Checked the voltage coming out of the fuse box above the battery and all was good.

So I then removed the coolant sensor lead from the sensor and the shorted between connectors marked 3 and 1 and fans burst into life.

So I think it's the sensor, I'll get a new one tomorrow. Means I've got a fan control unit which I don't need I suspect but that can go in the spares cupboard


----------



## Hoggy (May 8, 2002)

Hi, Coolant fans will not run until coolant temp (Code 49c) reaches 98/100 ish. 
Coolant temp sensor Code 49c has no connection to fan cut-ins, so do you mean shorting thermal switch in Rad causes fan to run.
Hoggy.


----------



## john_kattenhorn (Jun 21, 2014)

Hi Hoggy,

Thanks for the reply; strange I could have sworn both fans cut in (I was aware that the aircon fan should be going at all times) unless Econo is switched on. The rad fan definitely did though, got my girlfriend to take a look at the dash whilst I was shorting the connections and she said temp gauge went straight to red and the symbol for over heat appeared which I sort of expected.

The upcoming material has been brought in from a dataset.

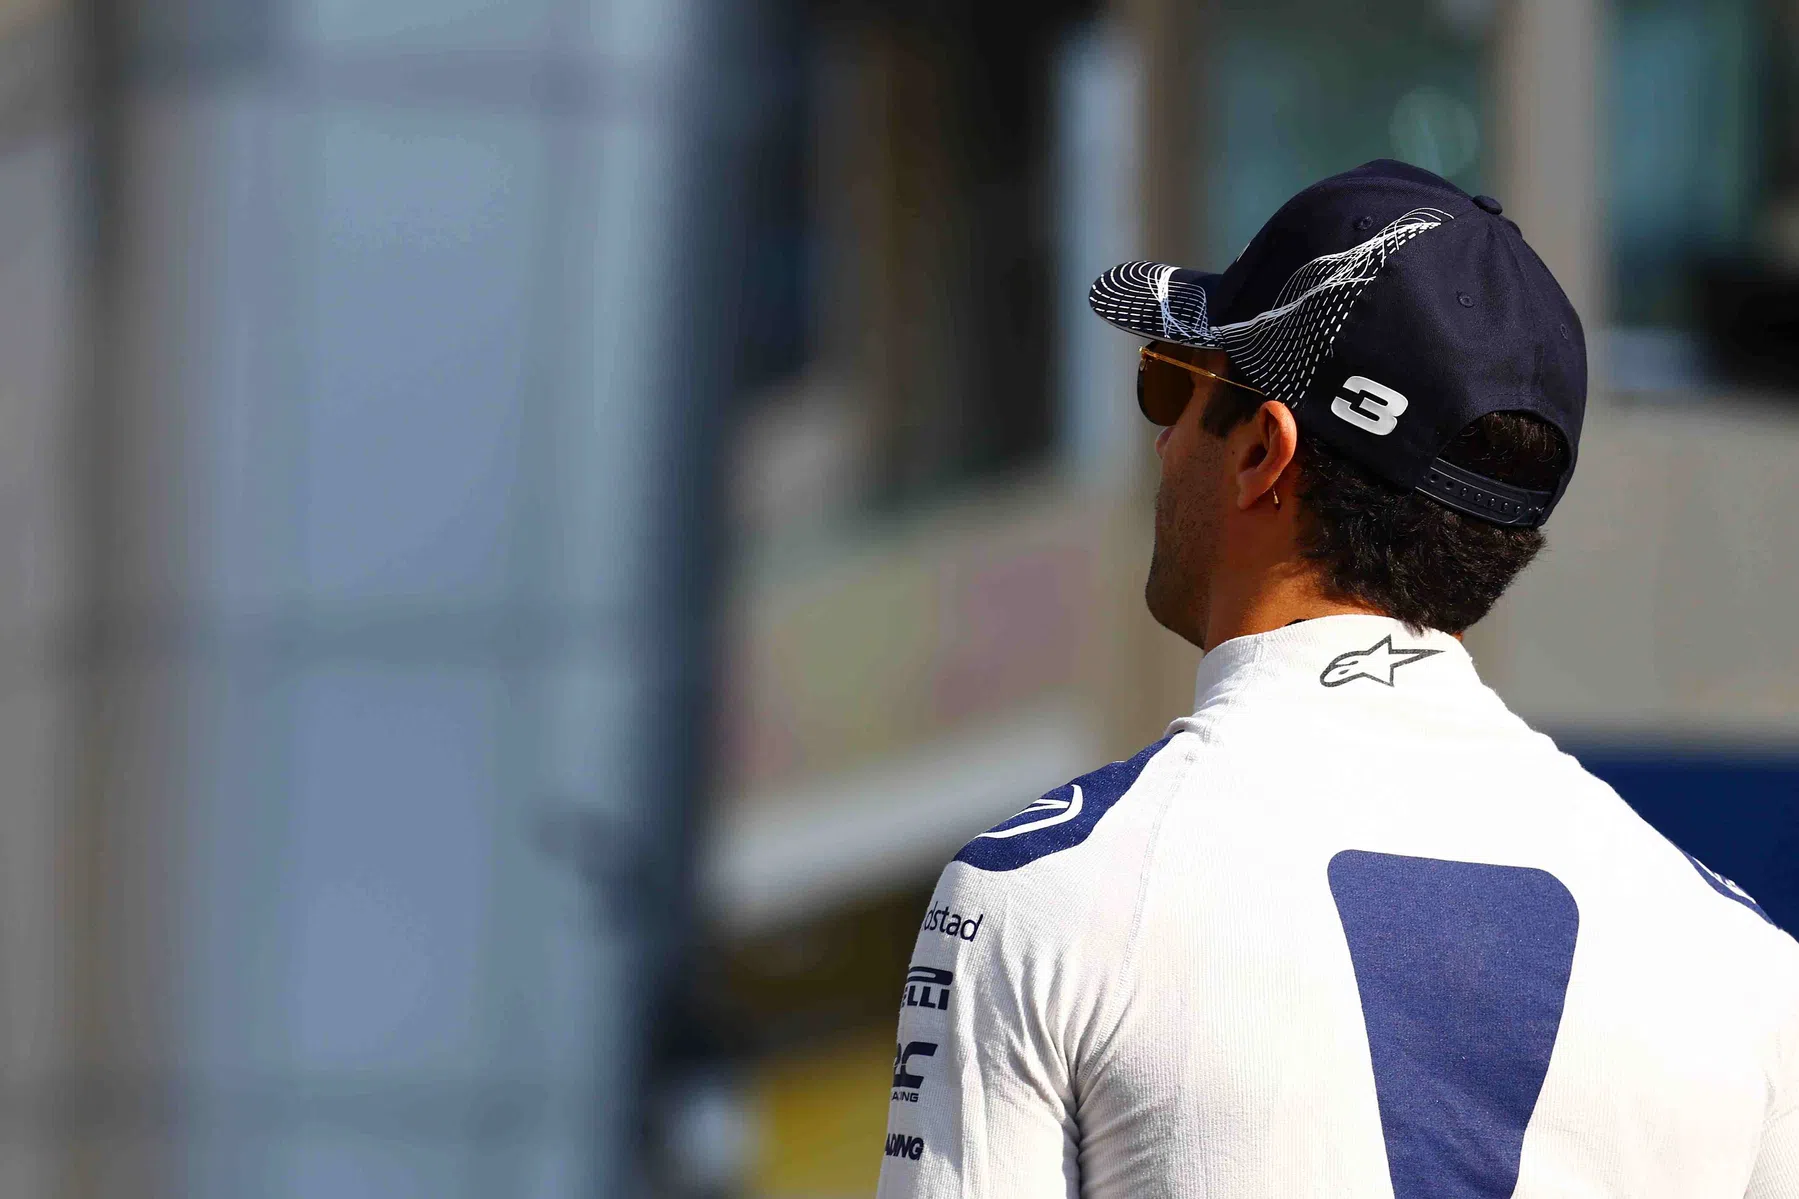 Ricciardo blij met progressie AlphaTauri na gp abu dhabi

The problem I had that even before I found the broken wire the car never overheated when I drove it (pretty hard too) and left it to idle, yet the MOT centre threw the car straight back at me saying it was over heating and dumping coolant which neither of us have seen.

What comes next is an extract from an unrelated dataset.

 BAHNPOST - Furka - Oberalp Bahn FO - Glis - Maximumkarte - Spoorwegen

Maybe I'll just change the sensor and take it back and see what happens.

Does pulling the fuse normally indicate a bad fan control unit ? Could I have got a bad one from GSF as well which is throwing out my logic ?

Thanks

John


----------



## Hoggy (May 8, 2002)

Hi, It's possible fan control is duff, but high temp indication from coolant sensor will not cause fans to to run,
Fans are started from thermal switch in Rad via control module.
Fuse 16 failed or pulled will cause fans to run, so it appears fan motors are O.K.
Hoggy.


----------



## john_kattenhorn (Jun 21, 2014)

Hi Hoggy,

I'd read about a sensor in the radiator too about 1/2 down on the passenger side but I've got nothing, no sensors that I could find down either side. I've only just put all of the bumper etc. back on so I really didn't want to take it all apart again.

I'm wondering what I actually did by shorting those two connectors marked 3 and 1, it's definitely kicked in the fans and I did it a couple of times too.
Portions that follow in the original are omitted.